■ **About this exercise**: Return the lines of the material below exactly, beginning with the line that has "Jack Sheppard (1702-1724);" in it and finishing with the line that has "长安 CS95 线上专享优惠" in it. Leave all pictures aside.

■ **Given data**:
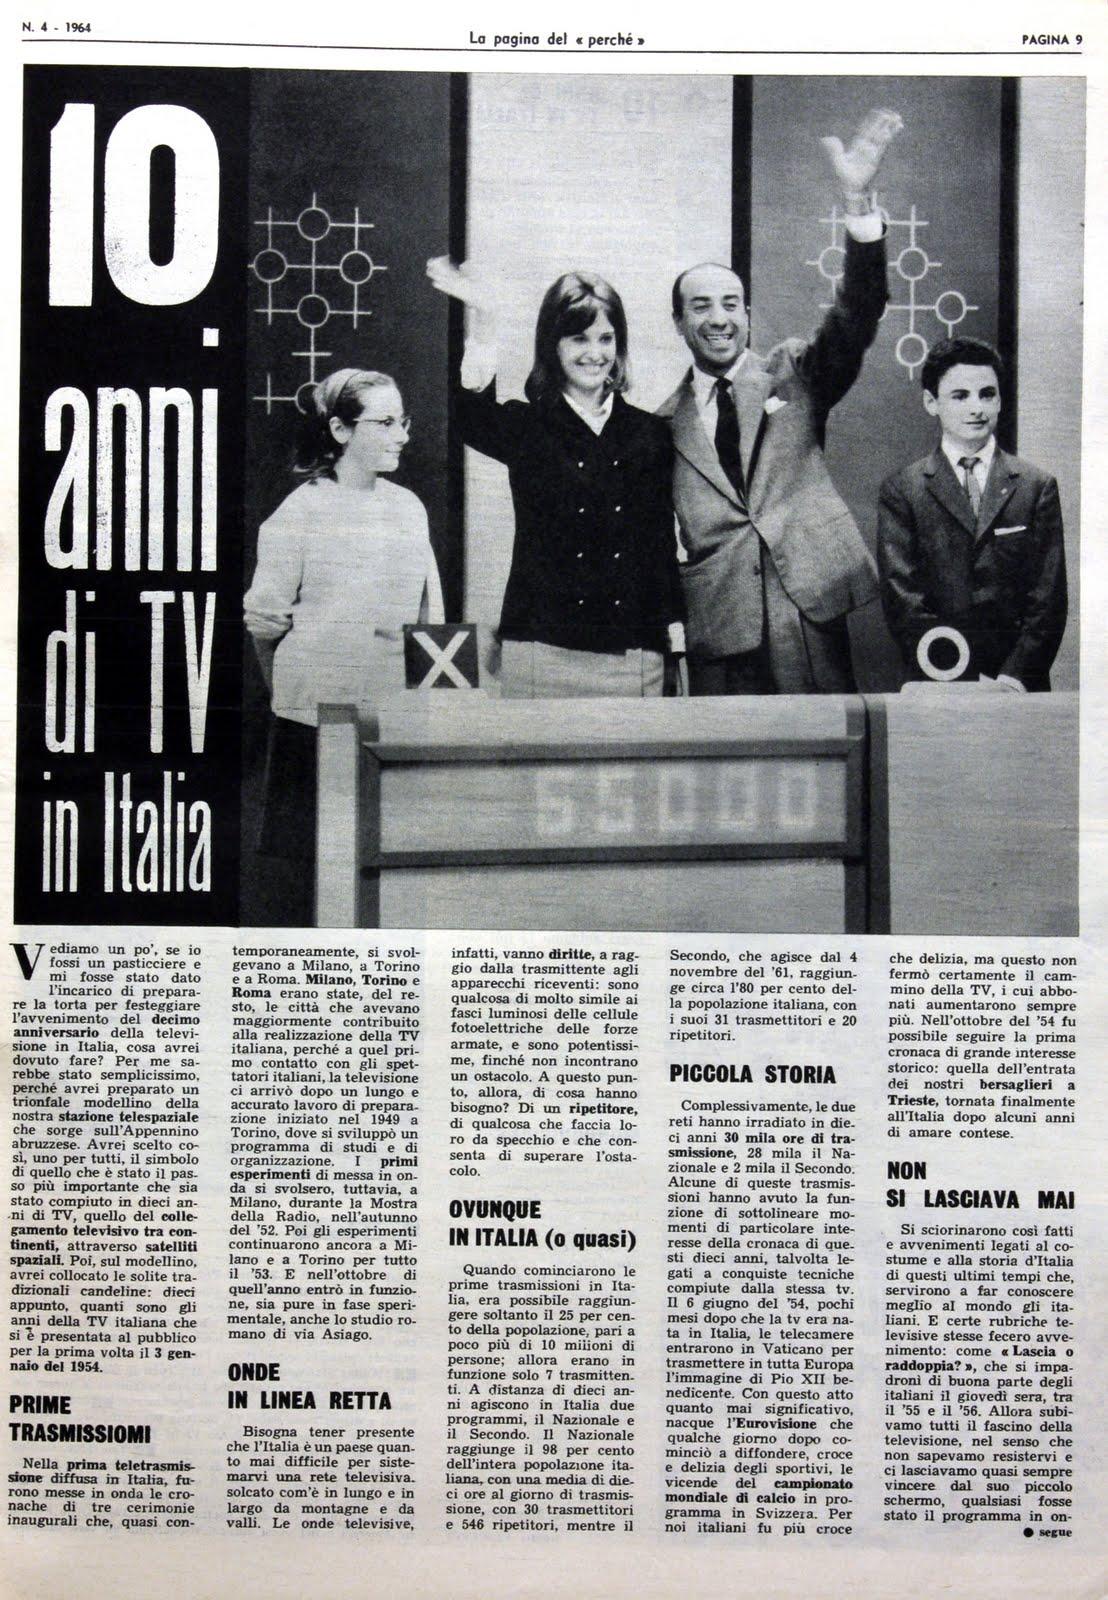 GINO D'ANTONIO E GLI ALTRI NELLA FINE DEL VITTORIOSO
...
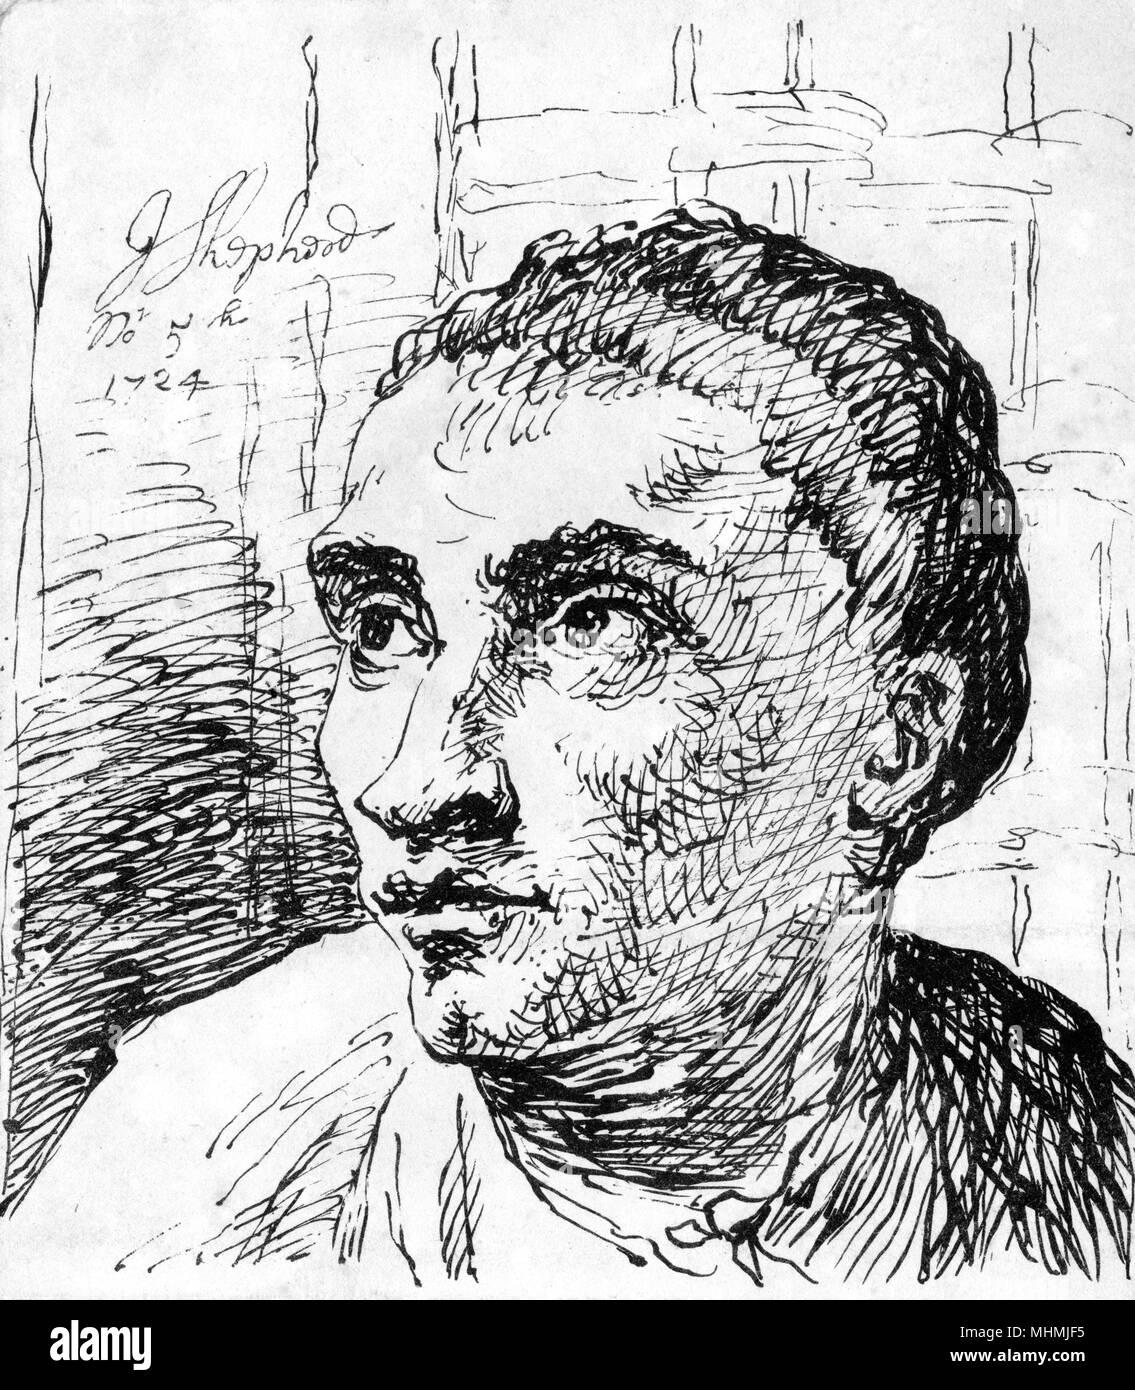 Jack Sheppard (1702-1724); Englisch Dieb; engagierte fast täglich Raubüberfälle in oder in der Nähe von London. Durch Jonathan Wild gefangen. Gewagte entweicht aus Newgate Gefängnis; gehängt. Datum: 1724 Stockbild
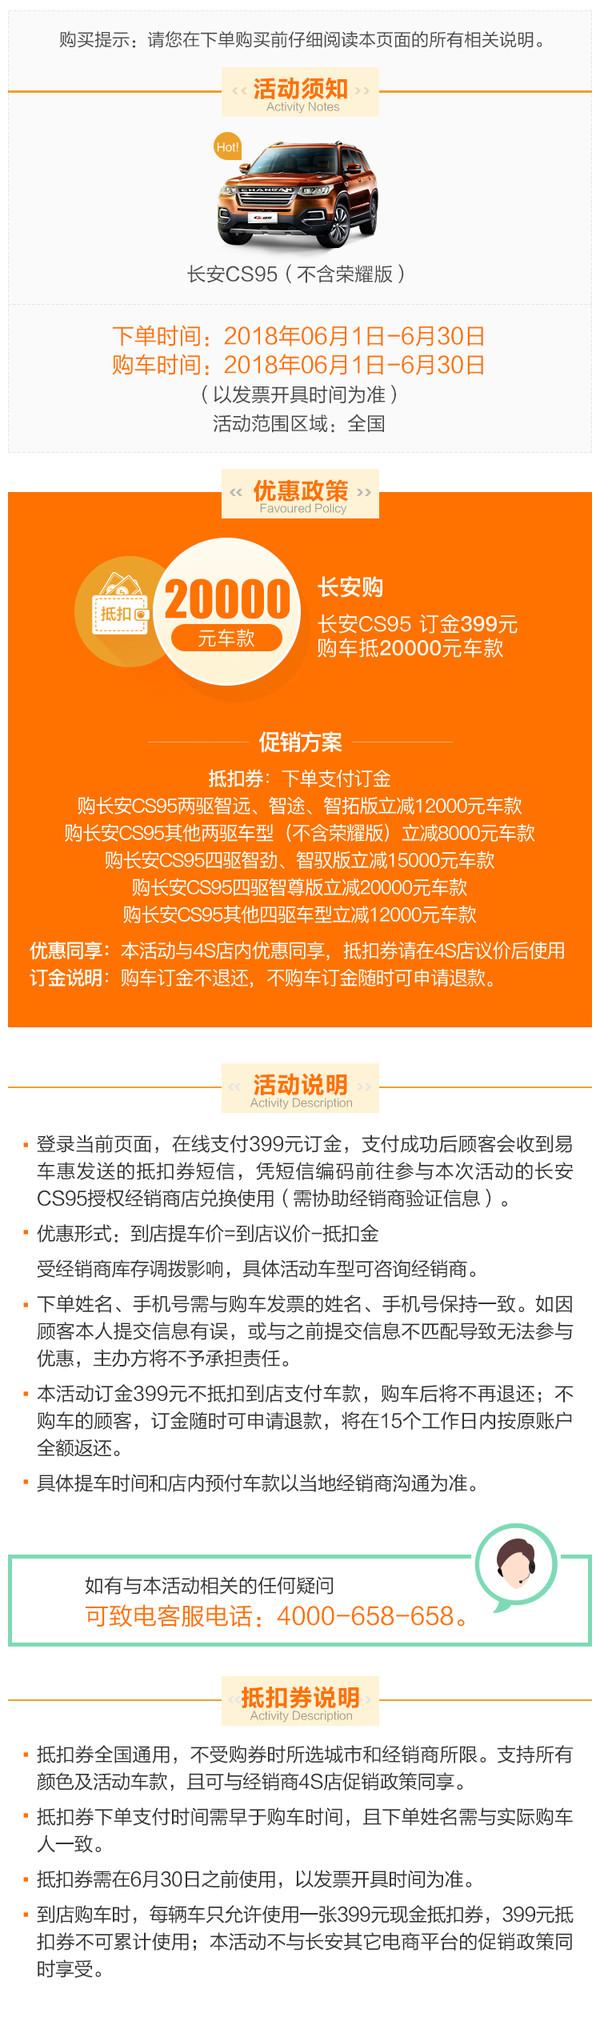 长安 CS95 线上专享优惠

■ **Solution for this problem**:
 Jack Sheppard (1702-1724); Englisch Dieb; engagierte fast täglich Raubüberfälle in oder in der Nähe von London. Durch Jonathan Wild gefangen. Gewagte entweicht aus Newgate Gefängnis; gehängt. Datum: 1724 Stockbild
 长安 CS95 线上专享优惠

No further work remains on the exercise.